#### GIVEN INFORMATION
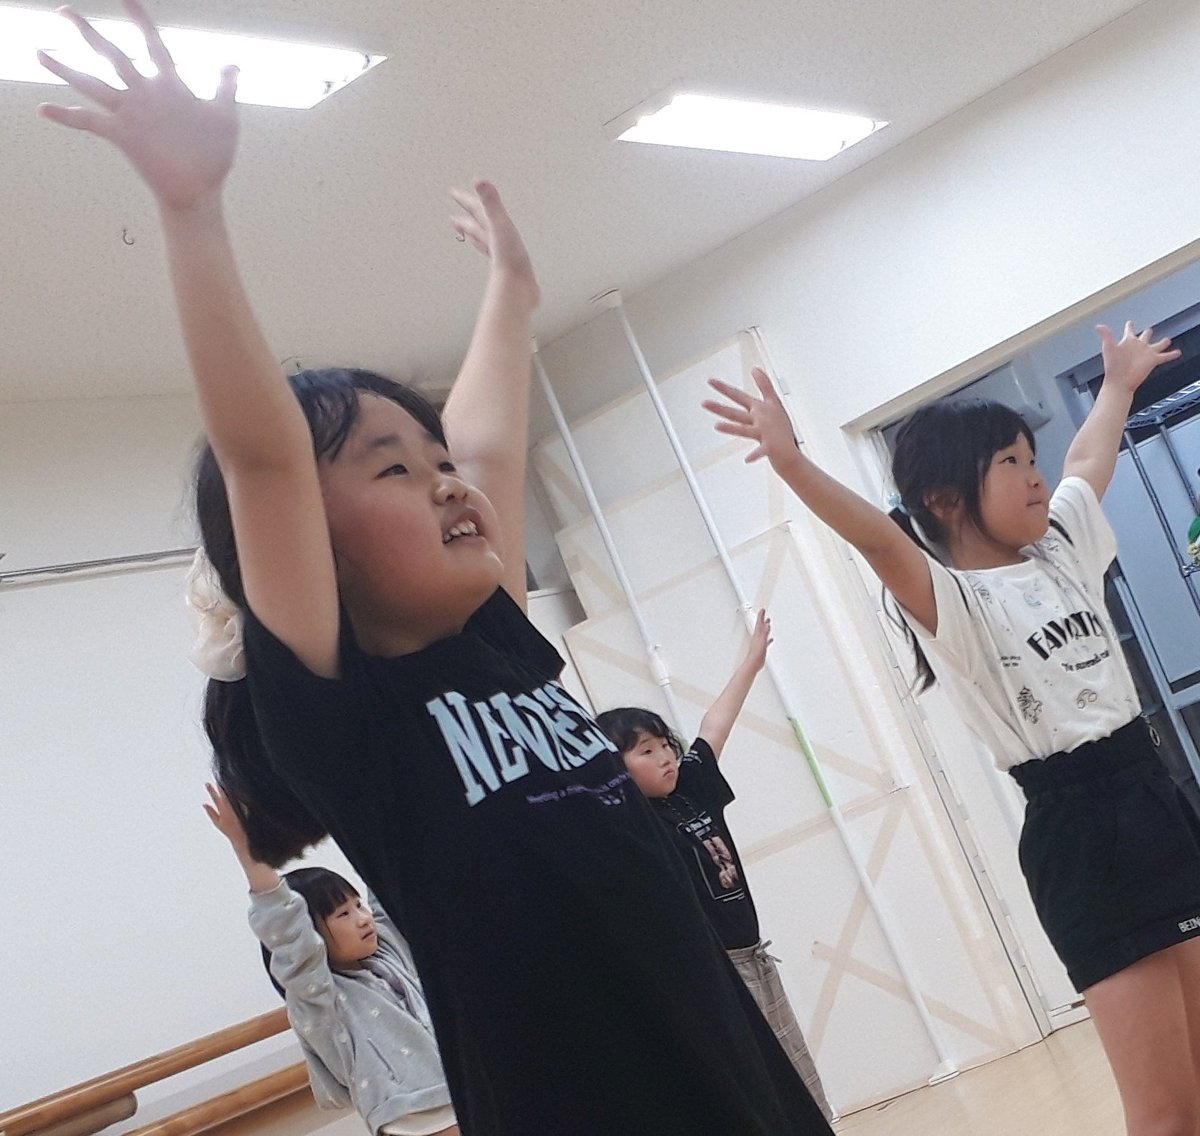 先生が、手がブラブラしてたから腰に付けて！「絶対ブラブラしてなかったぁ！」と言い張る子供達。
意見をハッキリ言える日本て平和だな～😌😌😌
でもね、順ちゃん先生も見てたけど、ブラブラしてたで～😌😌😌無料体験受付中です‼️
#happyjダンススタジオ #キッズダンス #子供ダンス #ジャズダンス

#### HOW TO COMPLETE THIS TASK
From the line containing "意見をハッキリ言える日本て平和だな～😌😌😌" through the end of the material, print each line exactly as it appears.

#### SOLUTION FOR THIS TASK
意見をハッキリ言える日本て平和だな～😌😌😌
でもね、順ちゃん先生も見てたけど、ブラブラしてたで～😌😌😌無料体験受付中です‼️
#happyjダンススタジオ #キッズダンス #子供ダンス #ジャズダンス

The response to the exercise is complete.